**Supplied data:**
>>>

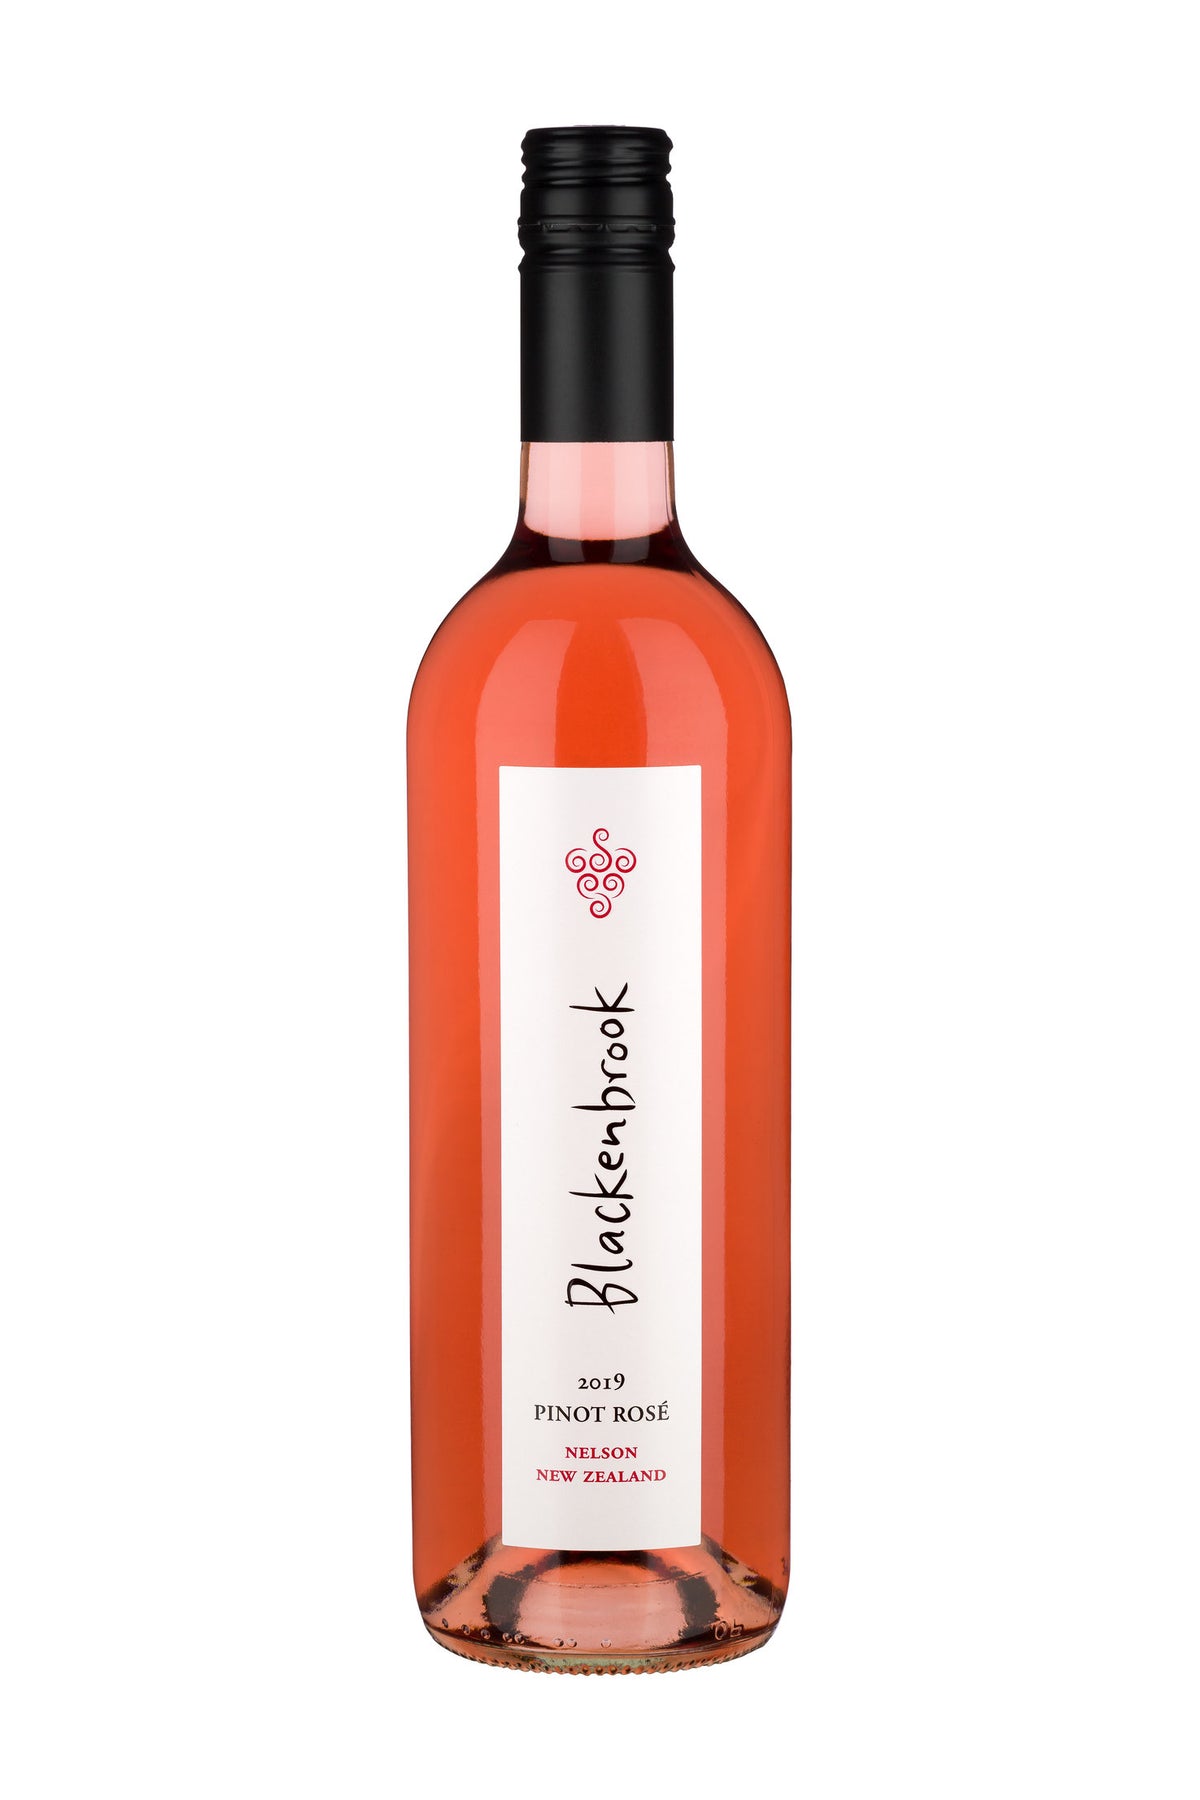 Blackenbrook Pinot Rosé 2019
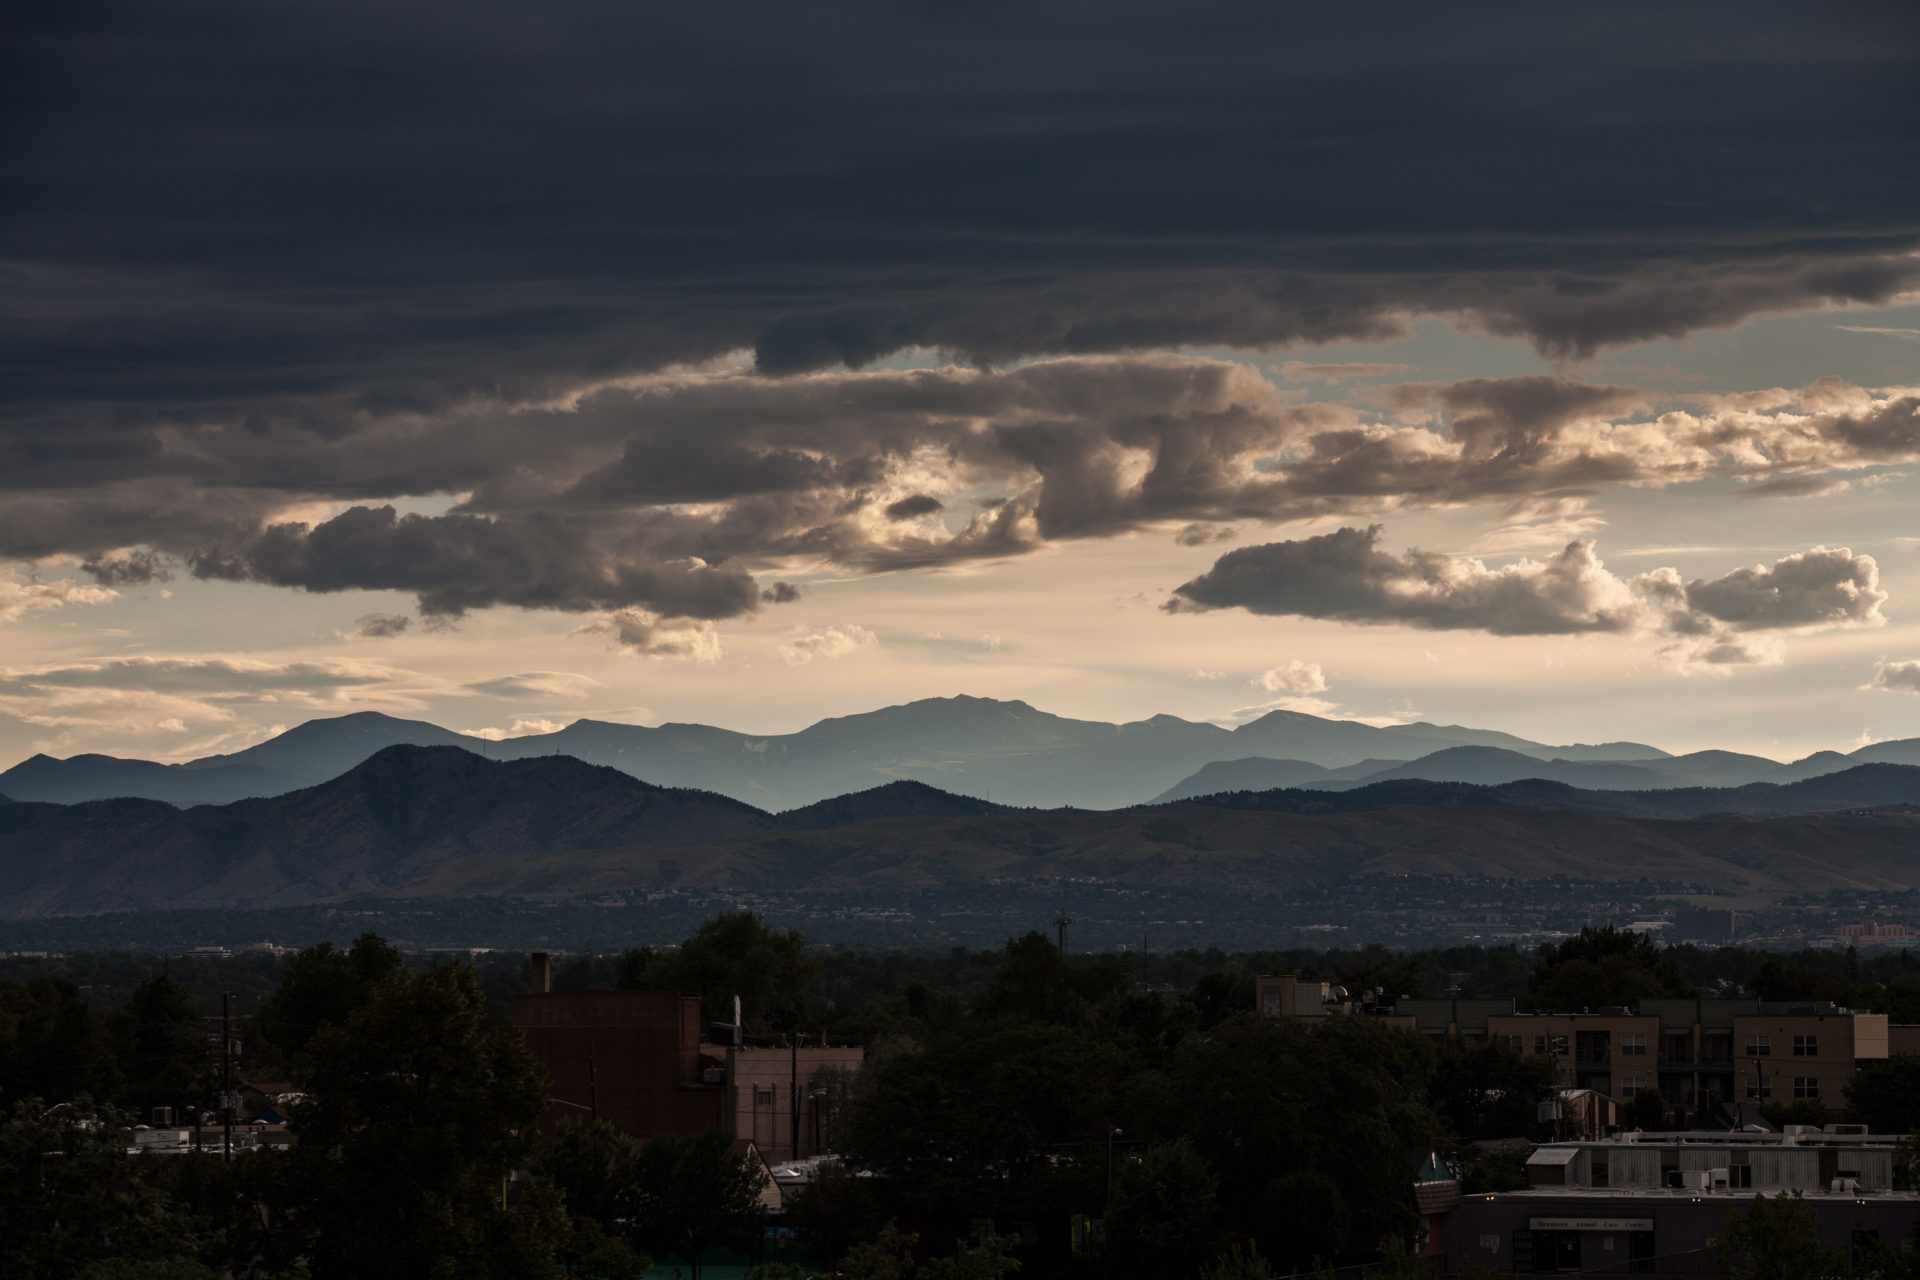 Mount Evans sunset - August 3, 2011
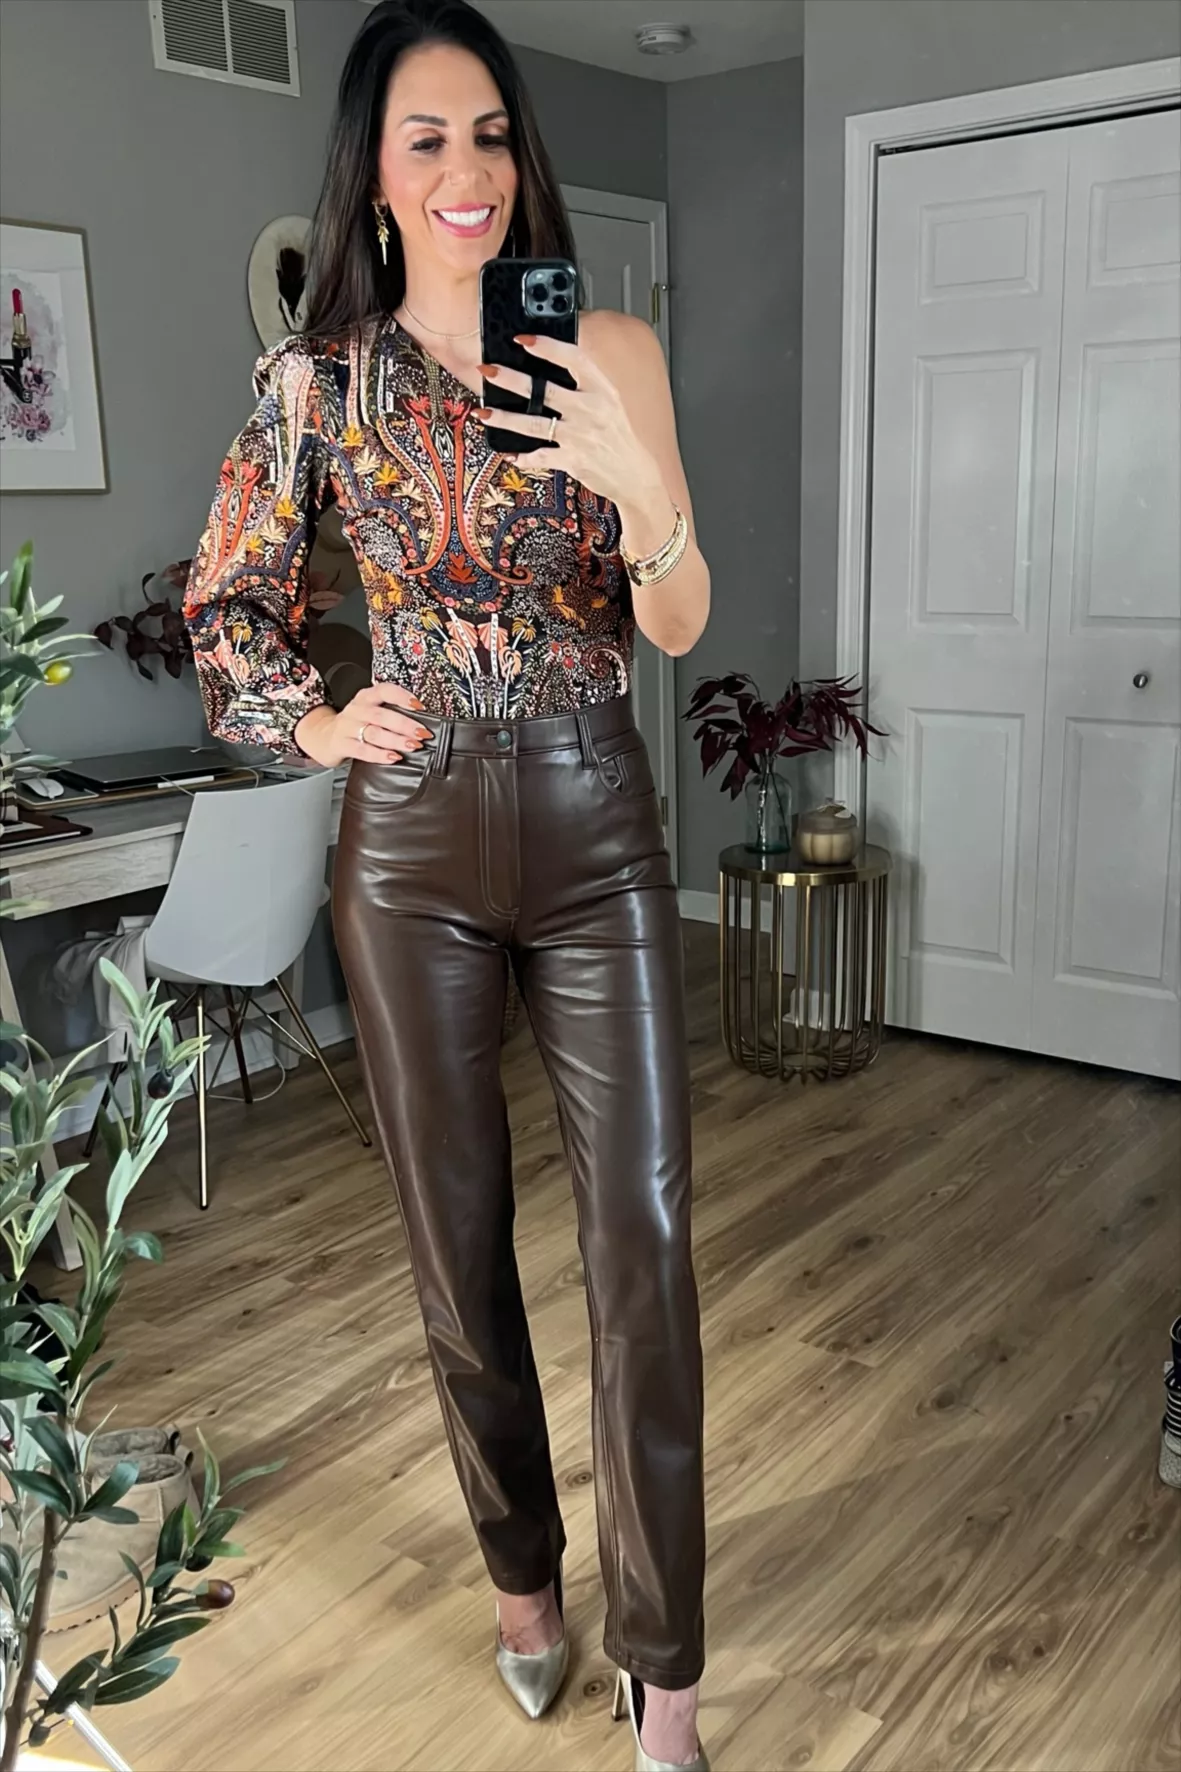 Women's Curve Love Vegan Leather 90s Straight Pant

<<<

**Task requirements:**
Nothing but an exact copy of the data above, minus its pictures, should appear in the response.

**Output for this task:**
 Blackenbrook Pinot Rosé 2019
 Mount Evans sunset - August 3, 2011
 Women's Curve Love Vegan Leather 90s Straight Pant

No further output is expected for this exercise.